Details
-
Bug
-
Resolution: Cannot Reproduce
-
Critical
-
None
-
Lustre 2.6.0
-
3
-
14529
Description
After our stress testing this weekend, we are unable to delete some (perhaps any?) of the files on a particular OST (OST 38). All of them give EINVAL.
For example:
[root@galaxy-esf-mds008 tmp]# rm -f posix_shm_open
rm: cannot remove `posix_shm_open': Invalid argument
[root@galaxy-esf-mds008 tmp]# lfs getstripe posix_shm_open
posix_shm_open
lmm_stripe_count: 1
lmm_stripe_size: 1048576
lmm_pattern: 1
lmm_layout_gen: 0
lmm_stripe_offset: 38
obdidx objid objid group
38 907263 0xdd7ff 0
However, OST 38 (OST0027) is showing up in lctl dl, and as far as I know, there are no issues with it. (The dk logs on the OSS don't show any issues.)
Here's the relevant part of the log from MDT000:
00000004:00020000:2.0:1402947131.685511:0:25039:0:(lod_lov.c:695:validate_lod_and_idx()) esfprod-MDT0000-mdtlov: bad idx: 38 of 64
00000004:00000001:2.0:1402947131.685513:0:25039:0:(lod_lov.c:757:lod_initialize_objects()) Process leaving via out (rc=18446744073709551594 : -22 : 0xffffffffffffffea)
00000004:00000010:2.0:1402947131.685515:0:25039:0:(lod_lov.c:782:lod_initialize_objects()) kfreed 'stripe': 8 at ffff8807fc208a00.
00000004:00000001:2.0:1402947131.685516:0:25039:0:(lod_lov.c:788:lod_initialize_objects()) Process leaving (rc=18446744073709551594 : -22 : ffffffffffffffea)
00000004:00000001:2.0:1402947131.685519:0:25039:0:(lod_lov.c:839:lod_parse_striping()) Process leaving (rc=18446744073709551594 : -22 : ffffffffffffffea)
00000004:00000001:2.0:1402947131.685520:0:25039:0:(lod_lov.c:885:lod_load_striping_locked()) Process leaving (rc=18446744073709551594 : -22 : ffffffffffffffea)
00000004:00000001:2.0:1402947131.685522:0:25039:0:(lod_object.c:2754:lod_declare_object_destroy()) Process leaving (rc=18446744073709551594 : -22 : ffffffffffffffea)
00000004:00000001:2.0:1402947131.685524:0:25039:0:(mdd_dir.c:1586:mdd_unlink()) Process leaving via stop (rc=18446744073709551594 : -22 : 0xffffffffffffffea)
I don't know for certain if this is related to DNE2 or not, but this is not an error I've seen before.
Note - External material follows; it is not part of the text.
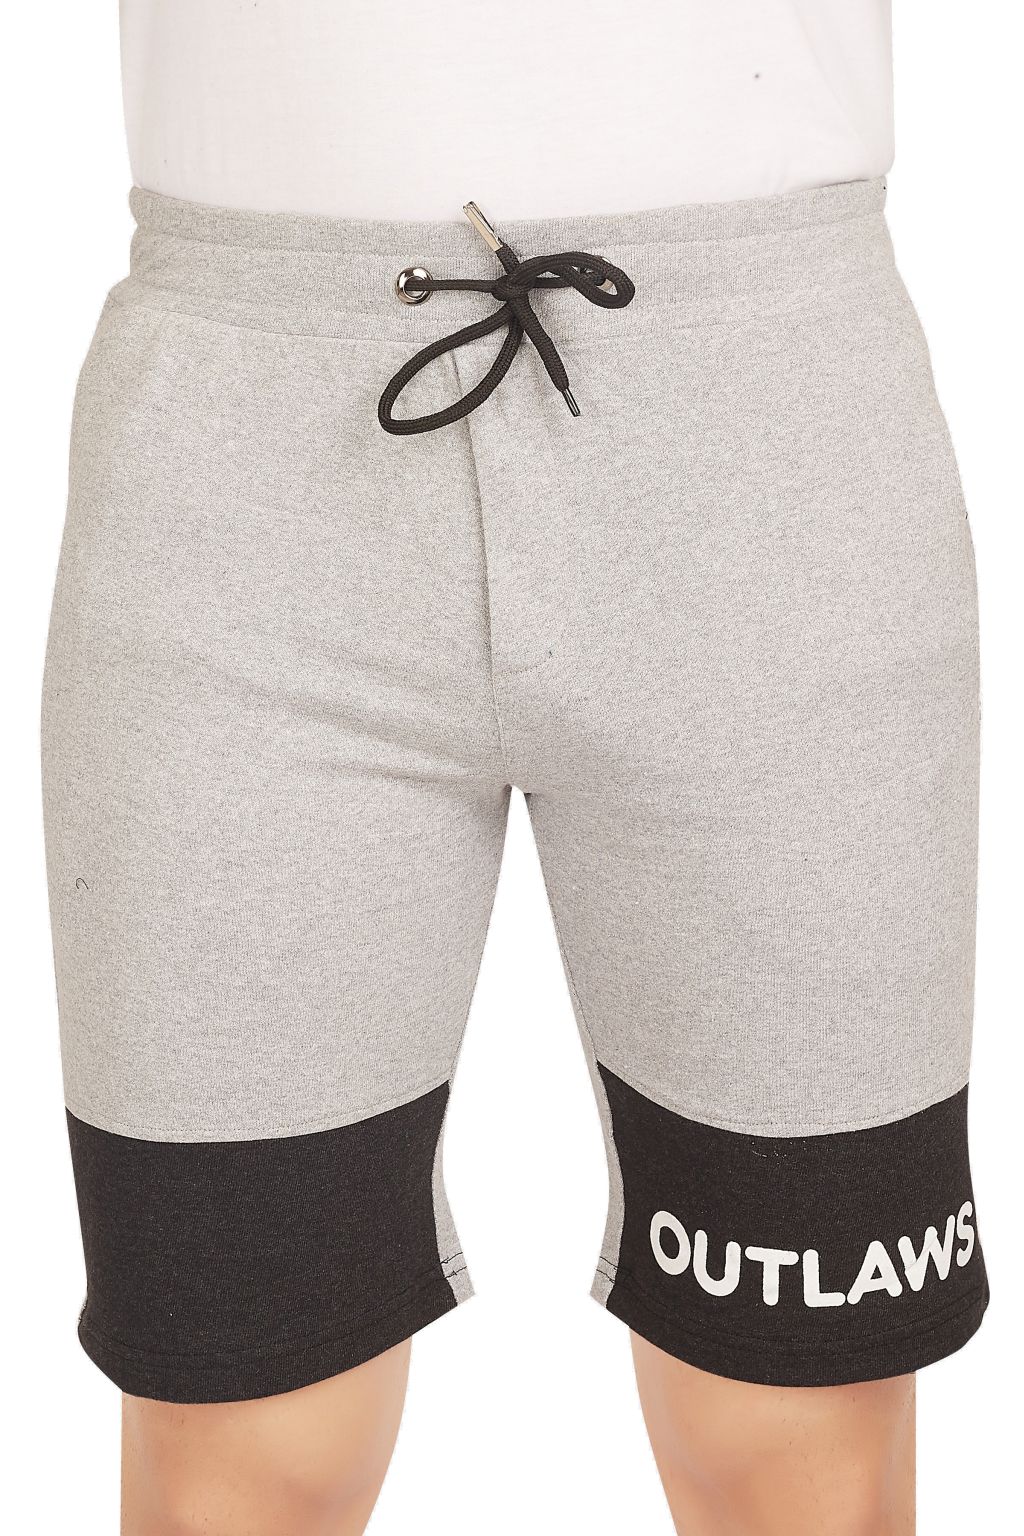 Hot Pants, Those Subversive 1970s Short Shorts, Are At It Again - WSJ

The file system and objects are still around, so I can provide further data if needed.
Any thoughts?
Attachments
Issue Links
- is related to
-
LU-5233 2.6 DNE stress testing: (lod_object.c:930:lod_declare_attr_set()) ASSERTION( lo->ldo_stripe ) failed
-
- Resolved
-
Since we can not reproduce the problem locally, I can not figure out why the config log is "corrupted". If it happens again in DNE testing, please remember what's the step to reproduce it. We will probably have more ideas.